**ABOUT THIS TASK**
Each line below needs to be returned exactly. Skip any picture.

**DATASET CONTENT**
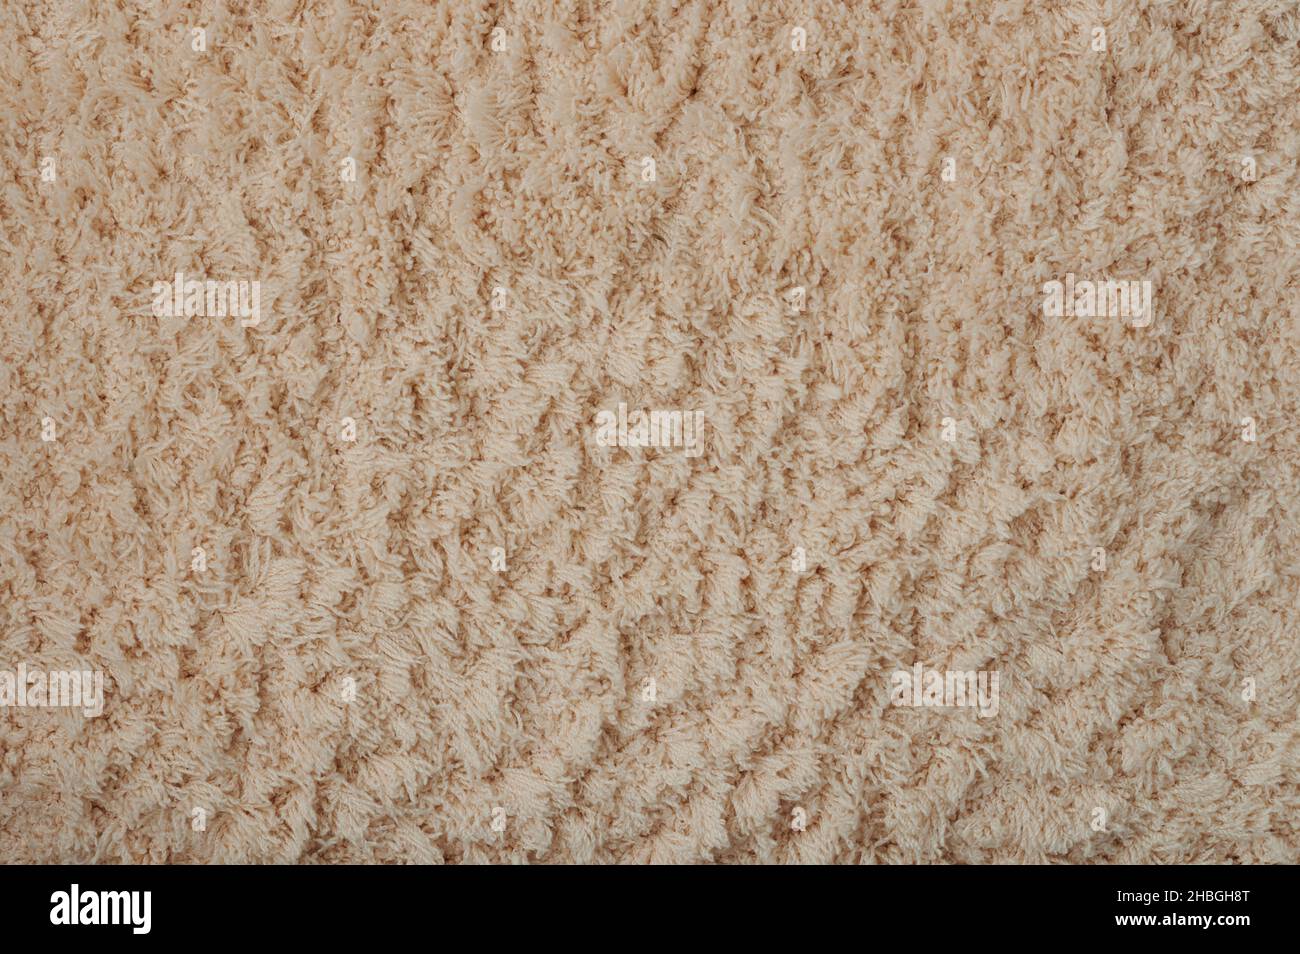 Textura de marrón suave alfombra suave macro vista de cerca Foto de stock
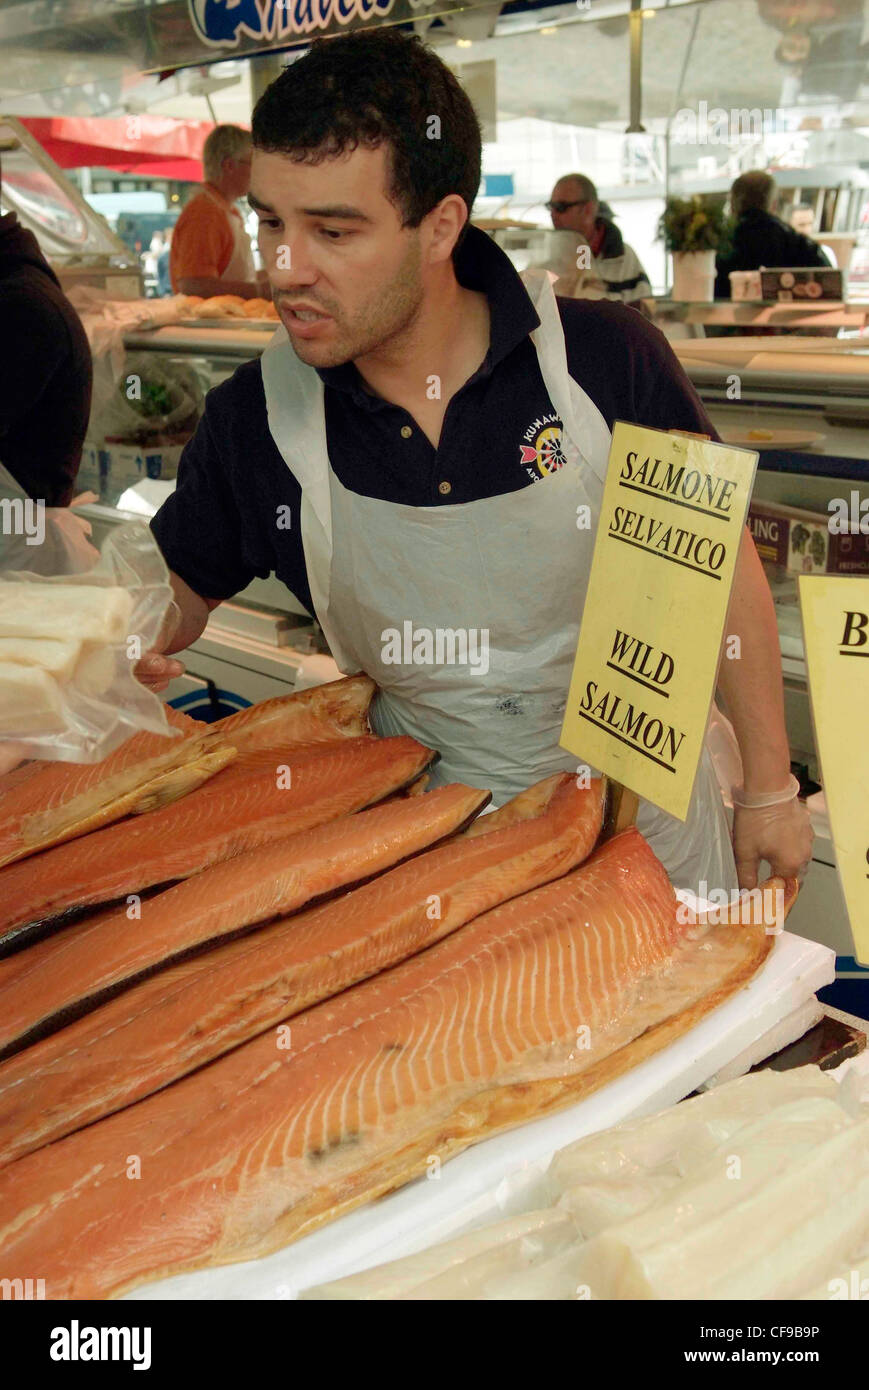 Norvegia Bergen Mercato del Pesce salmone selvatico affumicato in vendita Foto Stock
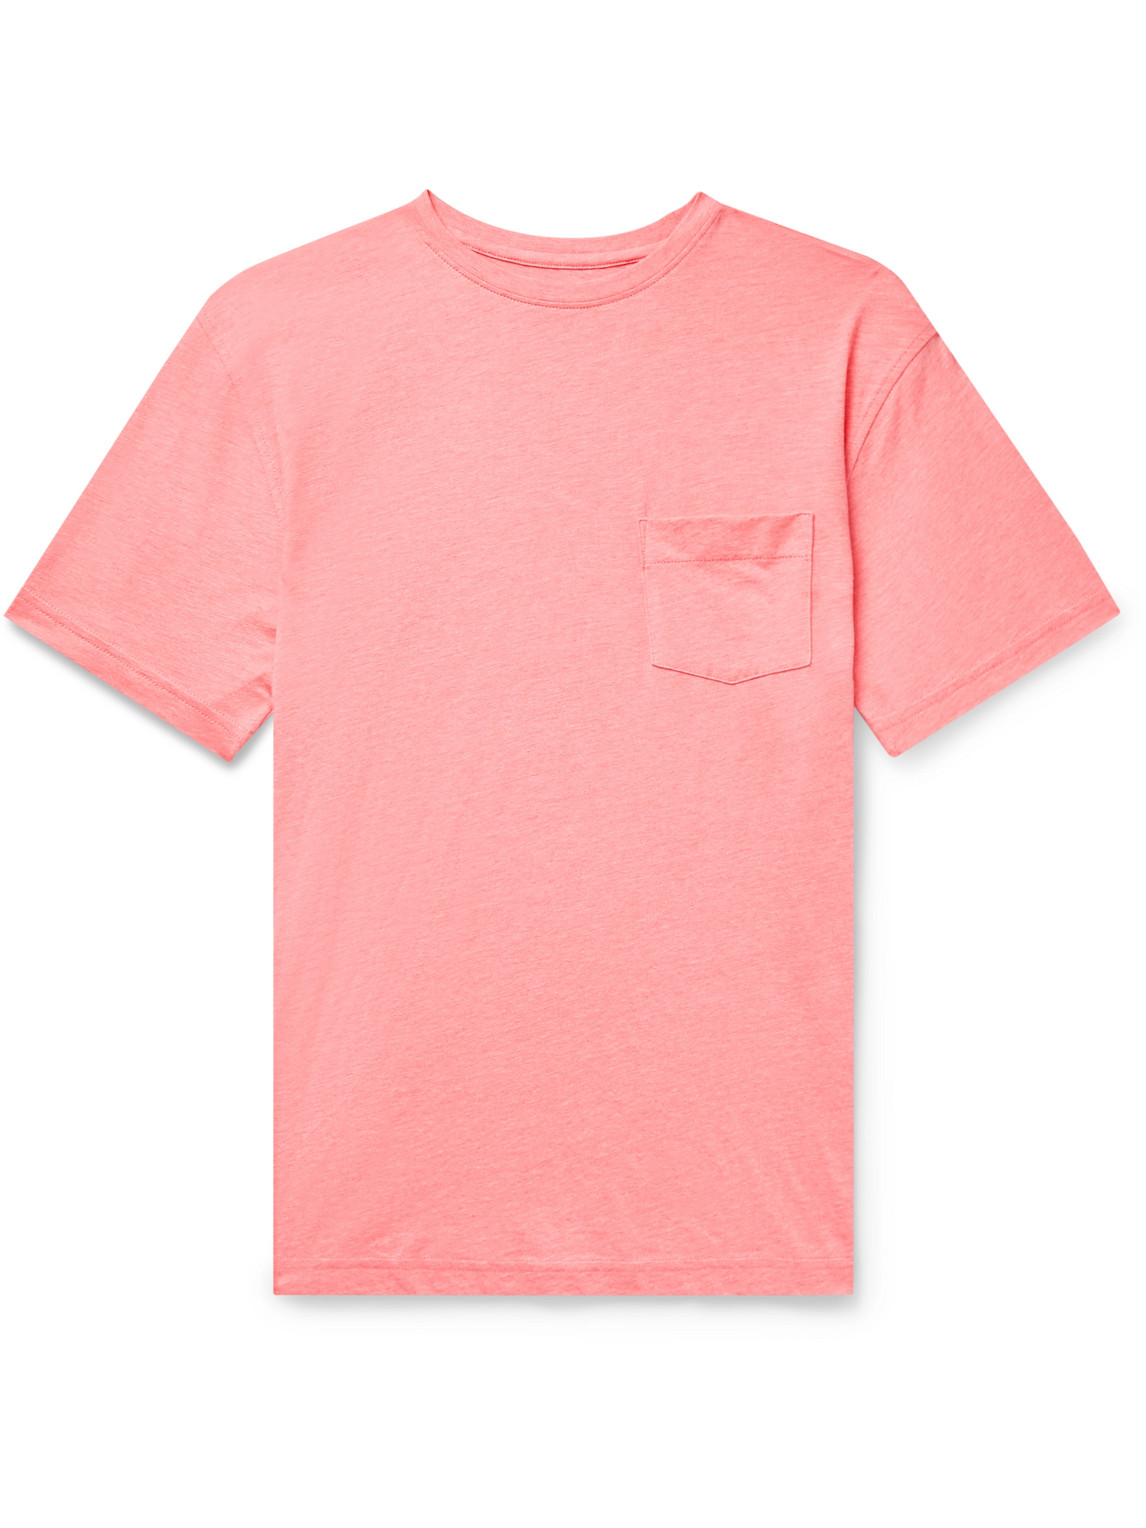 Peter Millar Seaside Summer Pima Cotton and Modal-Blend Jersey T-Shirt

**ANSWER FOR THE TASK**
 Textura de marrón suave alfombra suave macro vista de cerca Foto de stock
 Norvegia Bergen Mercato del Pesce salmone selvatico affumicato in vendita Foto Stock
 Peter Millar Seaside Summer Pima Cotton and Modal-Blend Jersey T-Shirt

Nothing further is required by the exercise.